Song Highlights: Campfire, Waves, Birds, Clouds, Empire, Snowflakes, Via Rail, Silk Road, Forest
Links: Homepage - Last.FM - Myspace

Commentaires

  • daydream_set

    i'm glad i'm not the only independent music fan who hasn't written MM off as major label sell-outs. even though i don't place them among my absolute favorites, i think that in many ways they get better with maturity. i couldn't get into [i]set sail the prairie[/i], but i can understand why it's so adored by fans of challenging/more complex alternative rock. however, empire made it into my nano mix quite often. should have been a huge radio hit. i think it's awesome how [i]hissing fauna[/i] seems to transcend musical genre. it really is a remarkable album. and i'm glad to see a sentence of sorts in kongsvinger in your favorite songs from that album too.

    3 jan. 2008, 6h07m
  • Thismanisdan

    I really should be checking out this Gavin Castleton character.
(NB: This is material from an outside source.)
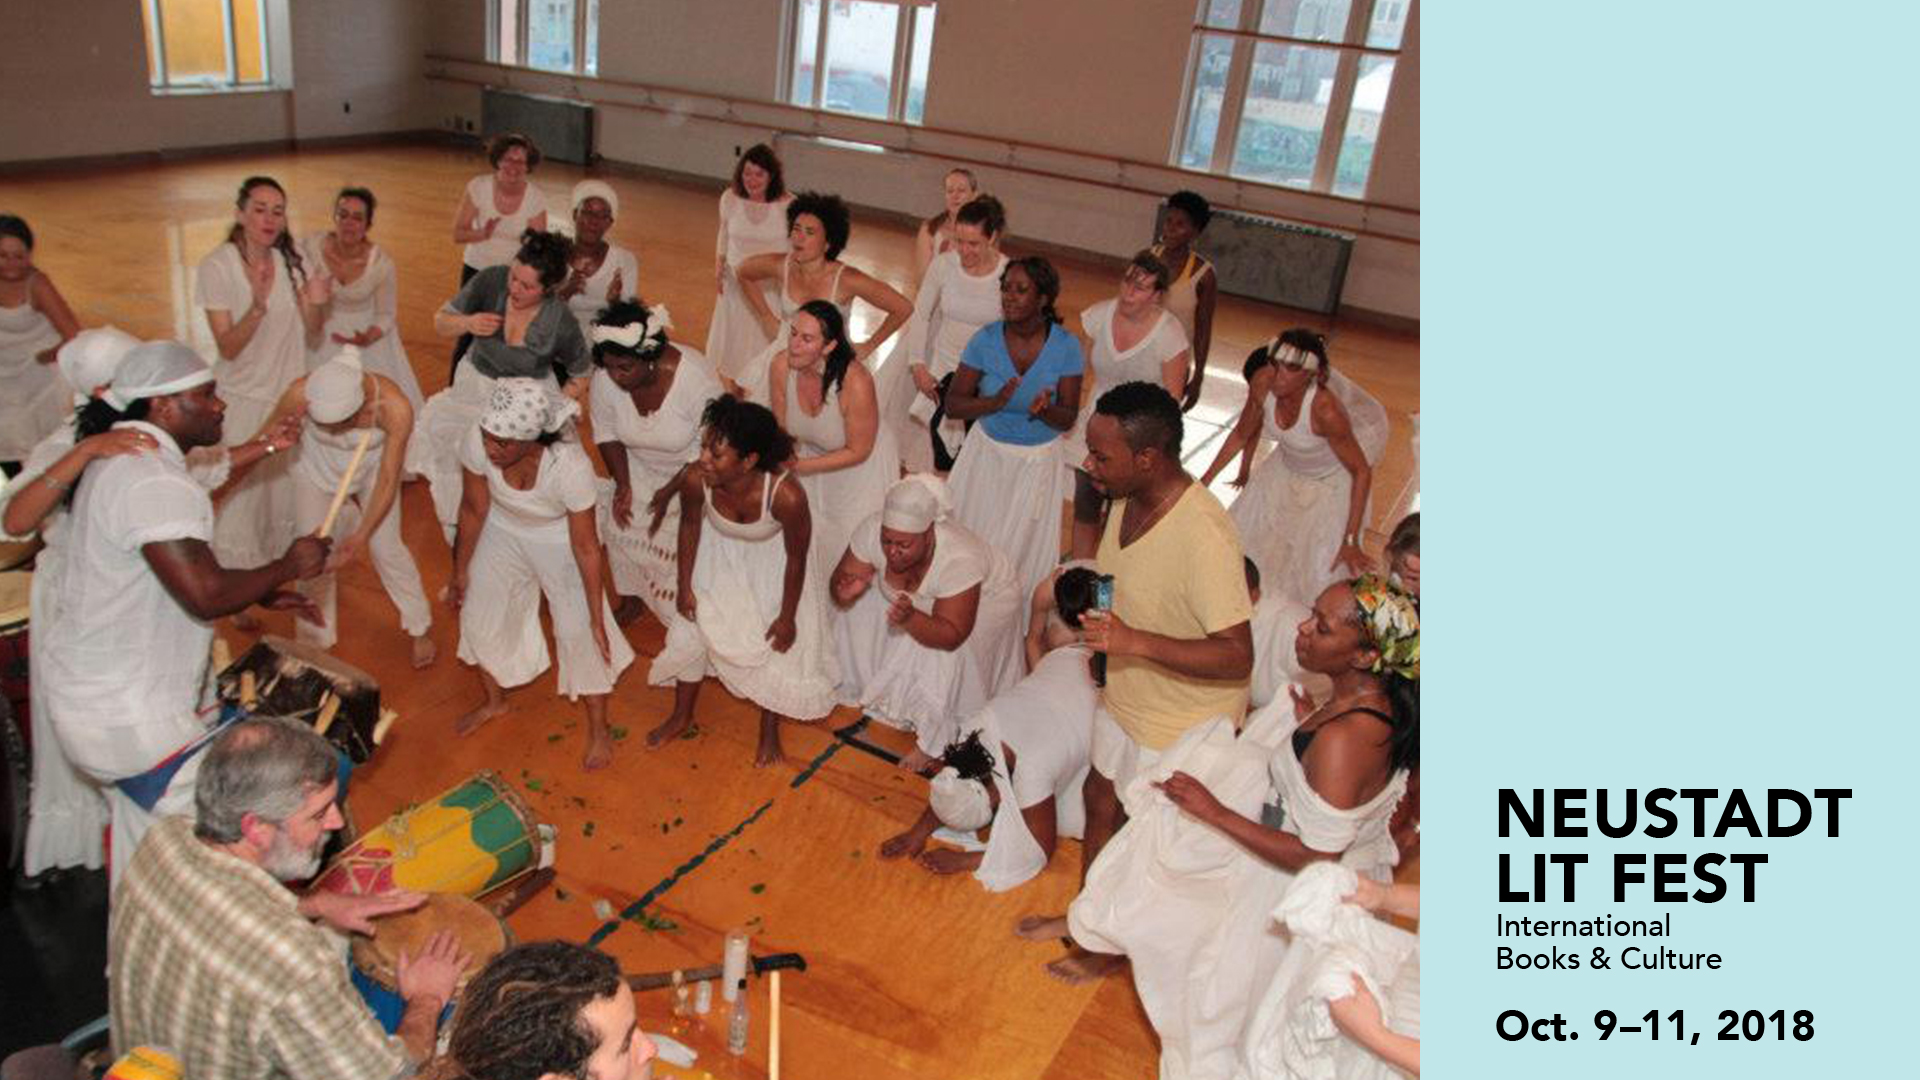 2018 Neustadt Community Dance and Drum Workshop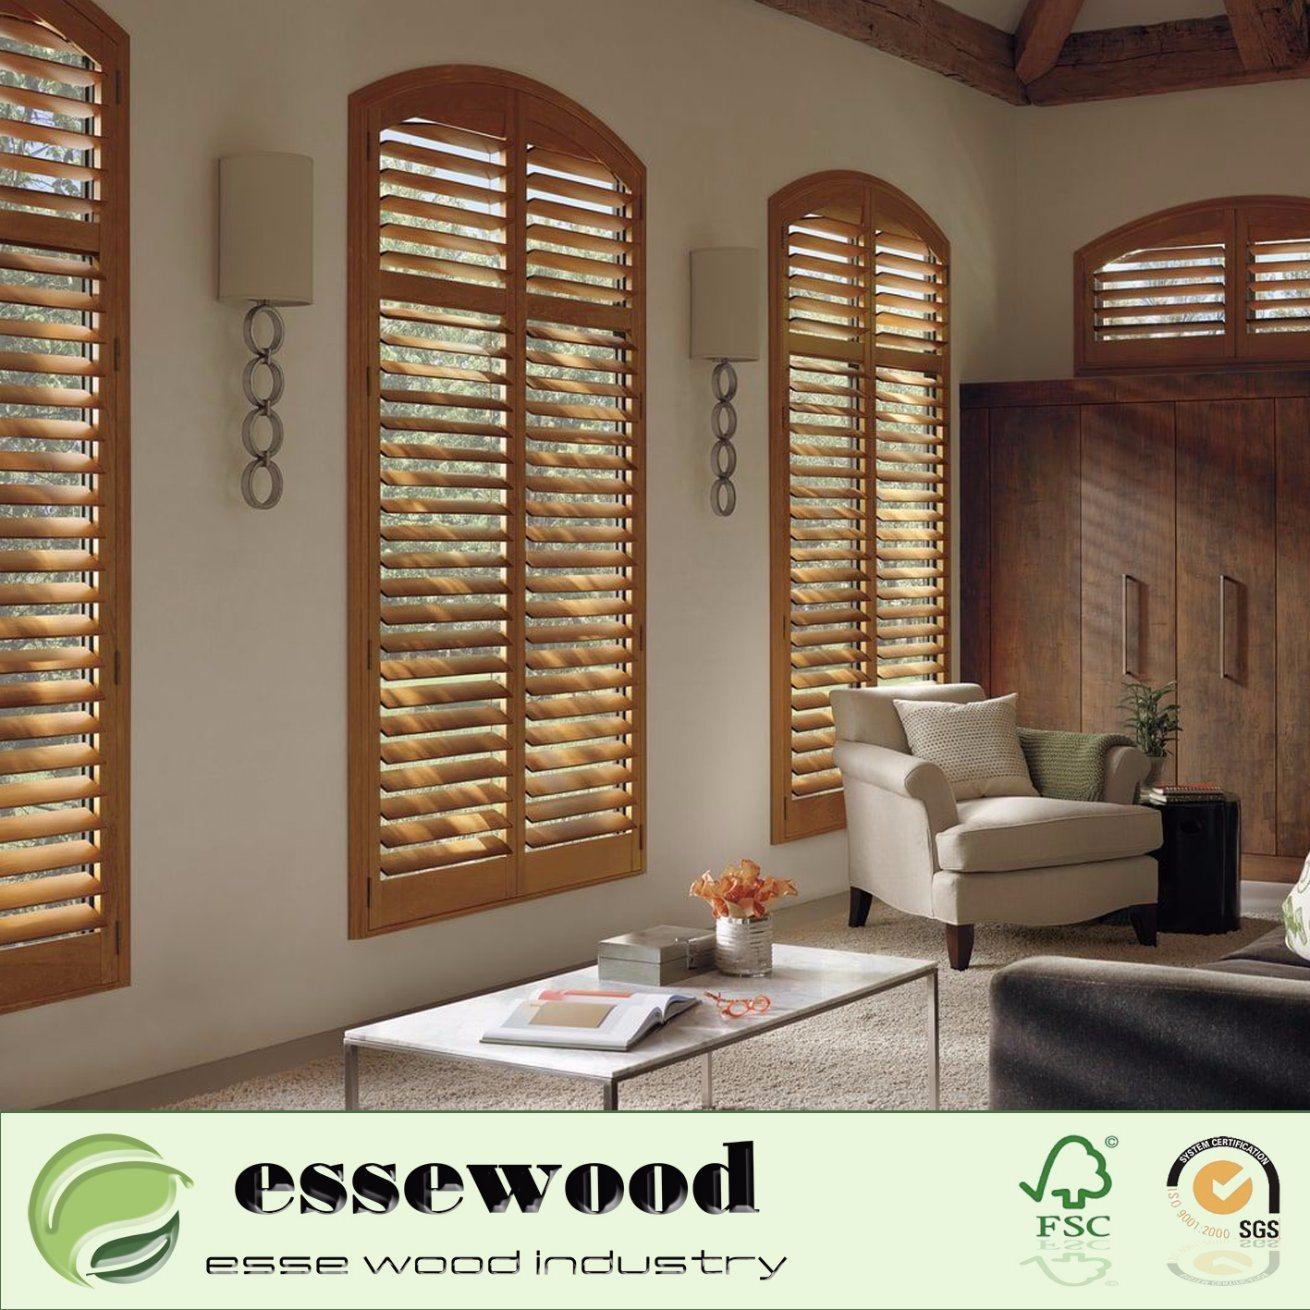 China Basswood Wooden Decorative Window Shutter Plantation

I'm suprised to see Fair To Midland so high up on your list. Great release none the less. I'm really looking forward to seeing what direction they take next album. I'm still choked Aereogramme will not be around to release more beautiful albums like this one. At least they quit while on top.

    4 jan. 2008, 3h20m
  • Mrozikos667

    Fables... isn't FtM's debut! They had two albums before. Anyway, it's my album of the year :)

    6 jan. 2008, 17h43m
  • spectre1982

    Debut in the sense that this is the first release after being signed. Glad you liked i too

    7 jan. 2008, 0h27m
  • richtaylor521

    No Swallow the Sun or Future of Forestry?